3.3 ReplayFileToTarget (one-liner)

func ReplayFileToTarget(
filePath, target string,
replayTime bool,
parser DataParser,
) (int, error)
ParamTypeNotes
filePathstringPath to the recording file
targetstringThe actual dial target (may differ from the address used during recording)
replayTimeboolWhether to honor original timing
parserDataParserOptional pre-send mutator

Internally calls DetectRecordedTargetFromFile to infer recordedTo.


3.4 DetectRecordedTargetFromFile

func DetectRecordedTargetFromFile(filePath string) (string, error)

Scans the file, counts occurrences of each packet.To, and returns the most frequent value — used to auto-detect "the target address present at recording time".


func (t *TcpPlayer) SendSinglePacket(reader io.Reader, to string, parser DataParser)

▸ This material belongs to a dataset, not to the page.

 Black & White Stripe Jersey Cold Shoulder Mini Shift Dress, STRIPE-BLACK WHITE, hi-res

Legacy API that only sends in one direction. Read errors panic directly — avoid in production. Prefer ReplayToTarget.


4. Timed Replay

NewTCPPlayer(..., replayTime=true): sleeps according to the time delta between adjacent packets to simulate the original timing. See the wait function in tcpPlayback/tcpPlayer.go.

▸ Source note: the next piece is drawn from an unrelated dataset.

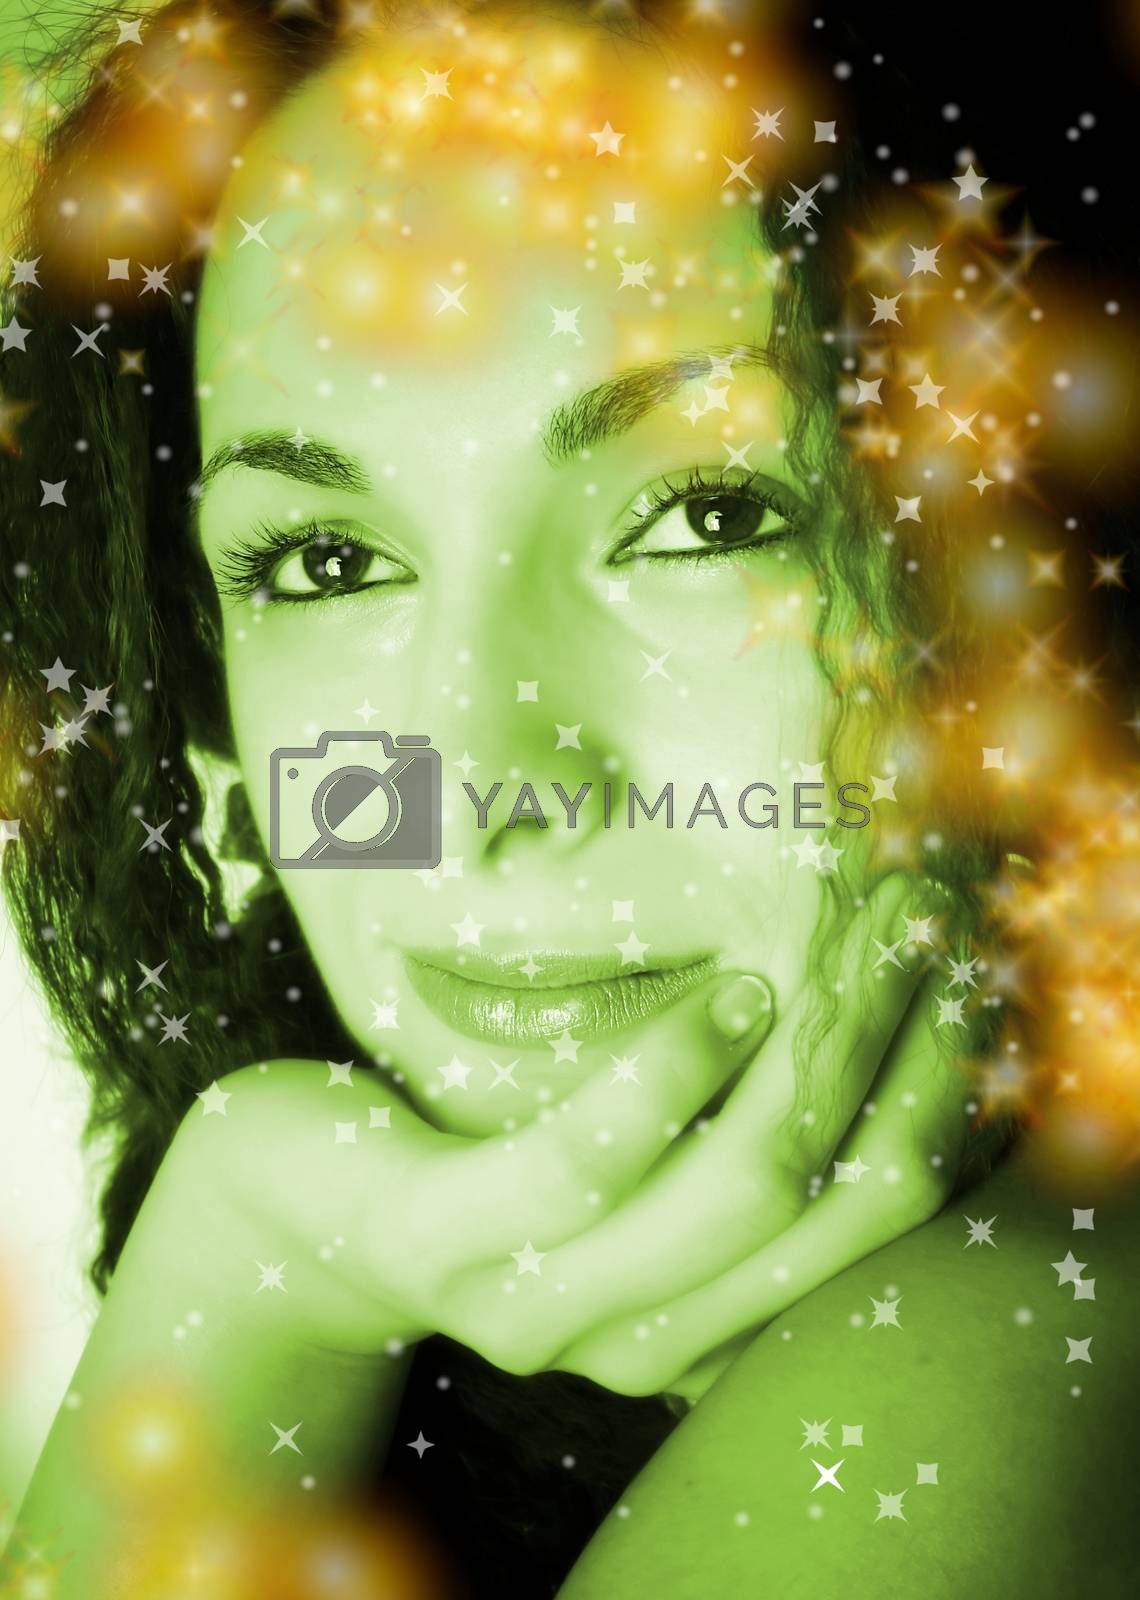 Macro image of a beautiful girl face

Note: wait stores a map[string]int64 inside each lockMap.Lock's Other() to track the previous packet time. If your custom lock implementation forbids UpdateOther from overwriting a map, it will panic.


5. Examples

5.1 One-liner: replay a whole recording

parser := func(p *proto.Packet) (*proto.Packet, error) {
// Token rewrite, target rewrite, etc.
p.Data = bytes.ReplaceAll(p.Data, []byte("Bearer old"), []byte("Bearer new"))
return p, nil
}

count, err := tcpPlayback.ReplayFileToTarget(
"./traffic.log",
"127.0.0.1:9999",
false, // ignore original timing
parser,
)
if err != nil {
log.Fatal(err)
}
log.Printf("replayed %d packets", count)

5.2 Manual connection control + streaming replay

targetConn, _ := net.Dial("tcp", "127.0.0.1:9999")
defer targetConn.Close()

player := tcpPlayback.NewTCPPlayer(
"127.0.0.1:8080", // recorded target string (for matching)
targetConn,
"", // no client direction
nil,
true, // honor original timing
)

f, _ := os.Open("./traffic.log")
defer f.Close()

count, err := player.ReplayToTarget(f, "127.0.0.1:8080", nil)
log.Printf("replayed=%d err=%v", count, err)

6. Notes

  1. Connection lifecycle: the caller owns clientConn / targetConn; TcpPlayer does not close them.
  2. Thread safety: lockMap.Lock protects timing state, but TcpPlayer itself is not fully thread-safe — drive each instance from a single goroutine.
  3. Replay precision: with replayTime=true, delays are millisecond-granular; sub-millisecond timing is lost.
  4. Multi-target recordings: if the recording contains packets to several targets, ReplayFileToTarget only replays the most frequent packet.To. For finer control, decode manually with proto.ReadProtoFromReader + proto.UnMarshal.